Generative search is increasingly being portrayed as the future of how we search the web, in which embeddings and other mechanisms are used to retrieve search results and Large Language Models (LLMs) are used to then summarize those results for human consumption, blending and synthesizing their findings into a single cohesive narrative. In reality, these efforts often struggle to discern intent and distinguish between the same word used in different contexts, such as "comet" as an astronomical body or a bathroom cleaner. Hallucination has received a fair amount of attention, but an equally concerning area for enterprise use is plagiarism: just how much of the text created by these summarization engines is novel never-before-written narrative versus how much is simply copy-pasted verbatim from across the web, uncredited? A recent generative search for plant care illustrates that in some cases, almost the entire generative result may simply be plagiarized – raising the question of whether generative search LLMs are tuned for theft over creation or whether, in a web comprised of the collective output of much of the (at least Western) world, every possible sentence that could ever be written has already been published?
Needing to refresh my memory on caring for peace lilies recently, I ran a search on a major generative search engine for "how to care for peace lilies?" This yielded the reasonable-sounding summary:
Peace lilies need consistently moist soil, but they don't like to sit in standing water. When the top inch of soil is dry, water the plant until the overflow starts to come out of the bottom of the container. Wait until it stops draining, then set the pot back in its saucer. Peace lilies do well in low-light situations, even flowering with as little as two to four hours of sunlight per day. For best flowering, give them bright, indirect light (not direct sunlight). Peace lilies love humidity, so mist yours every few days or keep her in a humid room, like a kitchen or bathroom. Peace lilies do best in temperatures upwards of 21 degrees. Keep them away from cold drafts and windows during cold weather. Peace lilies don't need a ton of fertilizer. Feed with a balanced houseplant fertilizer, such as 20-20-20, every six to eight weeks during the spring and summer growing season. Deadhead spent blooms and dust or wipe the leaves regularly to ensure they photosynthesise well.
As I quickly skimmed the summary to assess its accuracy, I paused: the text seemed extremely familiar.
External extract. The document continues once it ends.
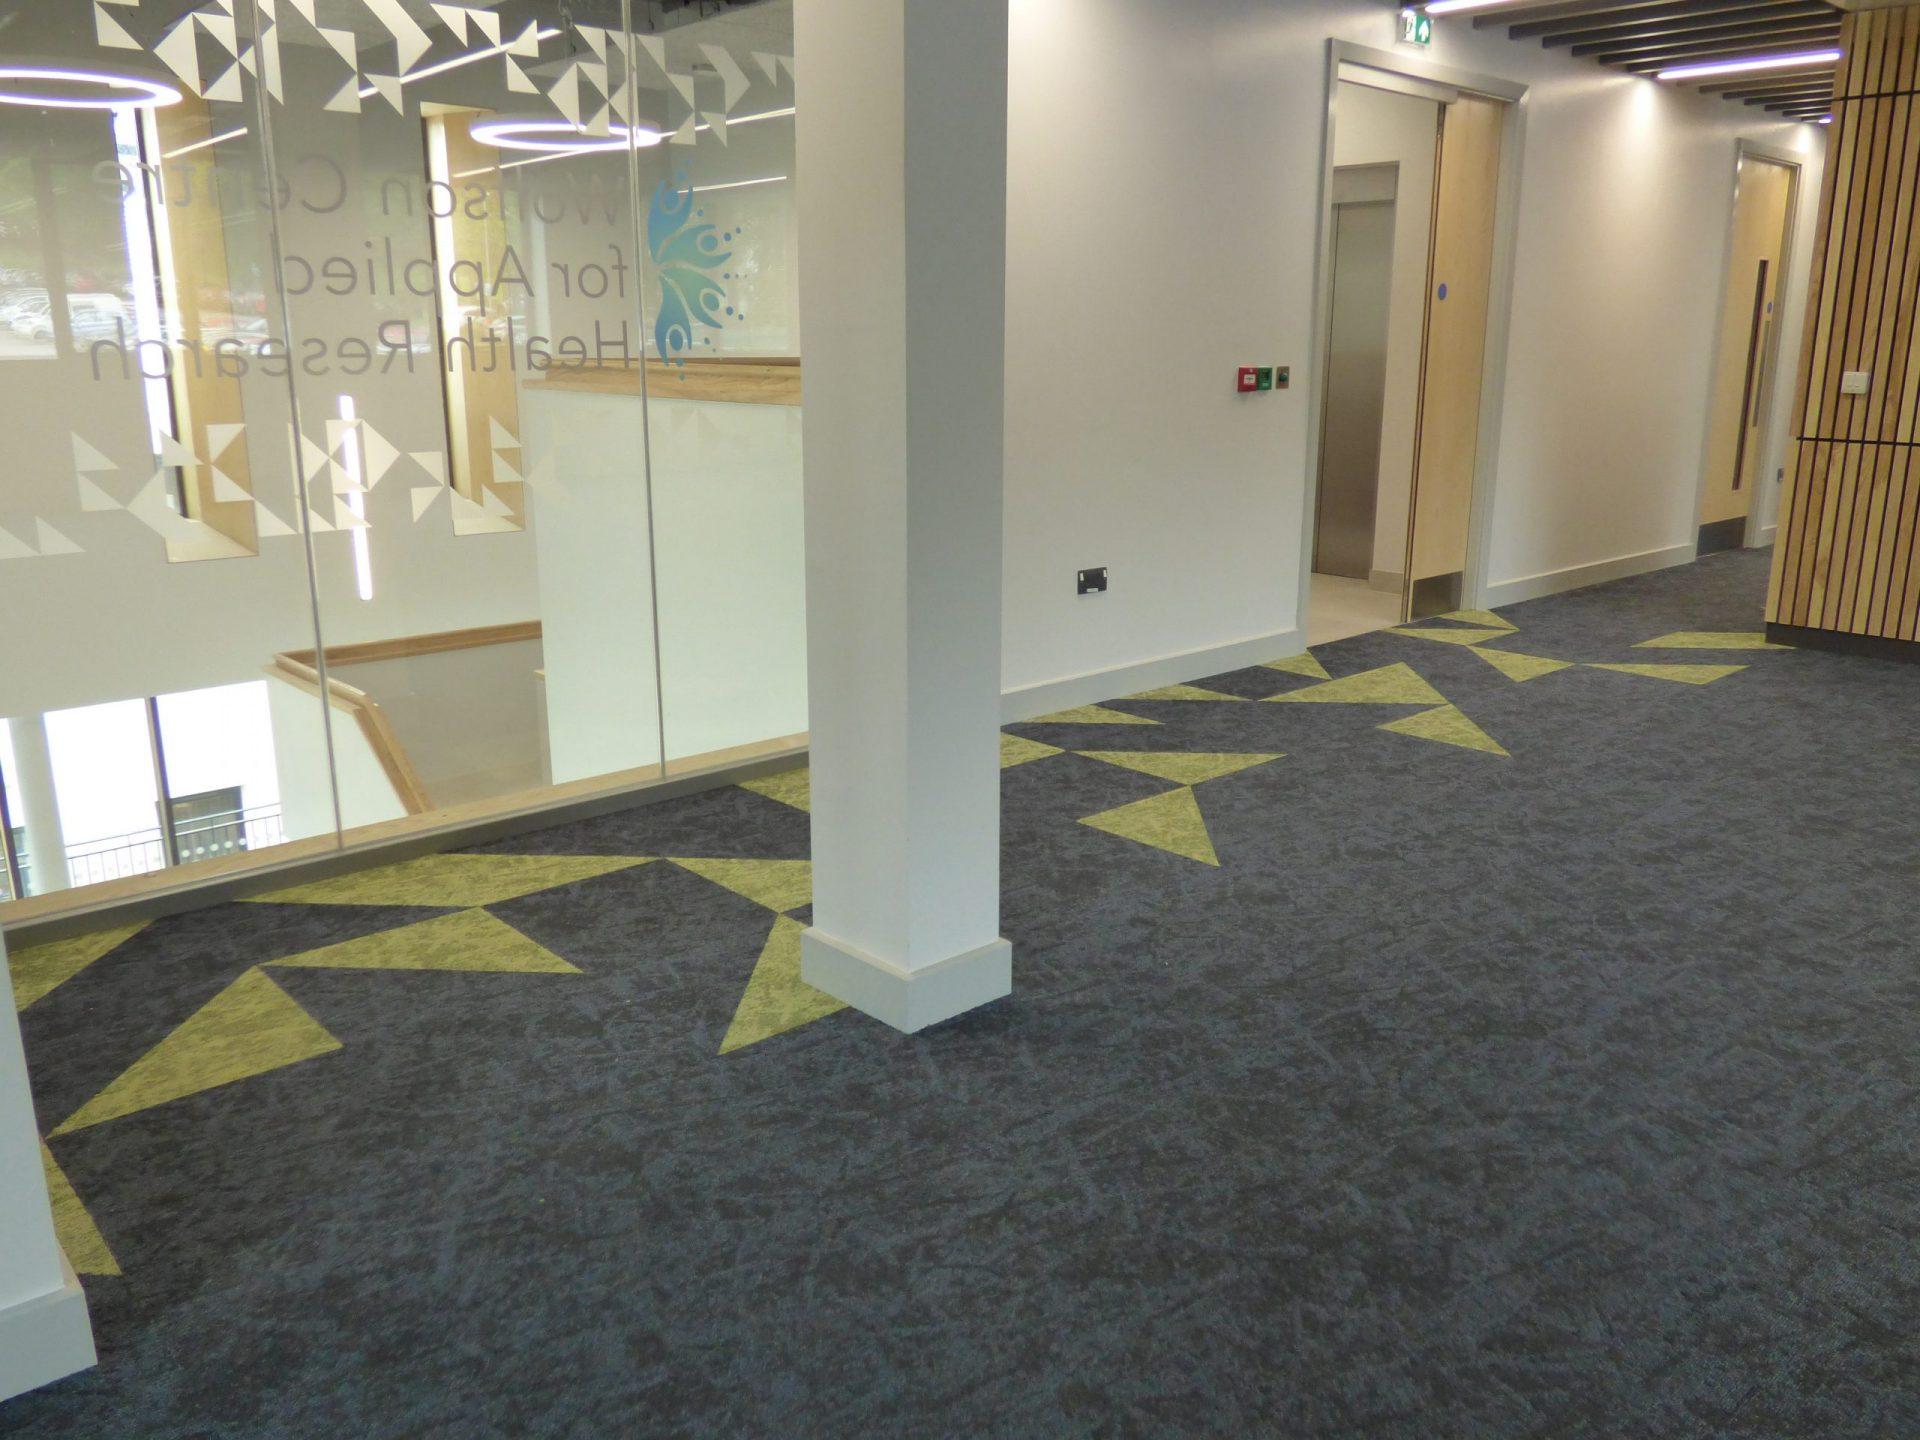 BRI CAHR Carpet Tiles (61)

I instantly recognized nearly verbatim passages from articles I had already read from sites like Gardener's World and House Beautiful, piquing my curiosity as to just how much of a generative search summary may simply be effectively copy-pasted from across the web, with only the most minimal of changes.
Let's take the summary above and break it into sentences (in a few cases we keep multiple sentences together when they appear as a verbatim passage across the web):
- Peace lilies need consistently moist soil, but they don't like to sit in standing water. When the top inch of soil is dry, water the plant until the overflow starts to come out of the bottom of the container. Wait until it stops draining, then set the pot back in its saucer.
- Peace lilies do well in low-light situations, even flowering with as little as two to four hours of sunlight per day.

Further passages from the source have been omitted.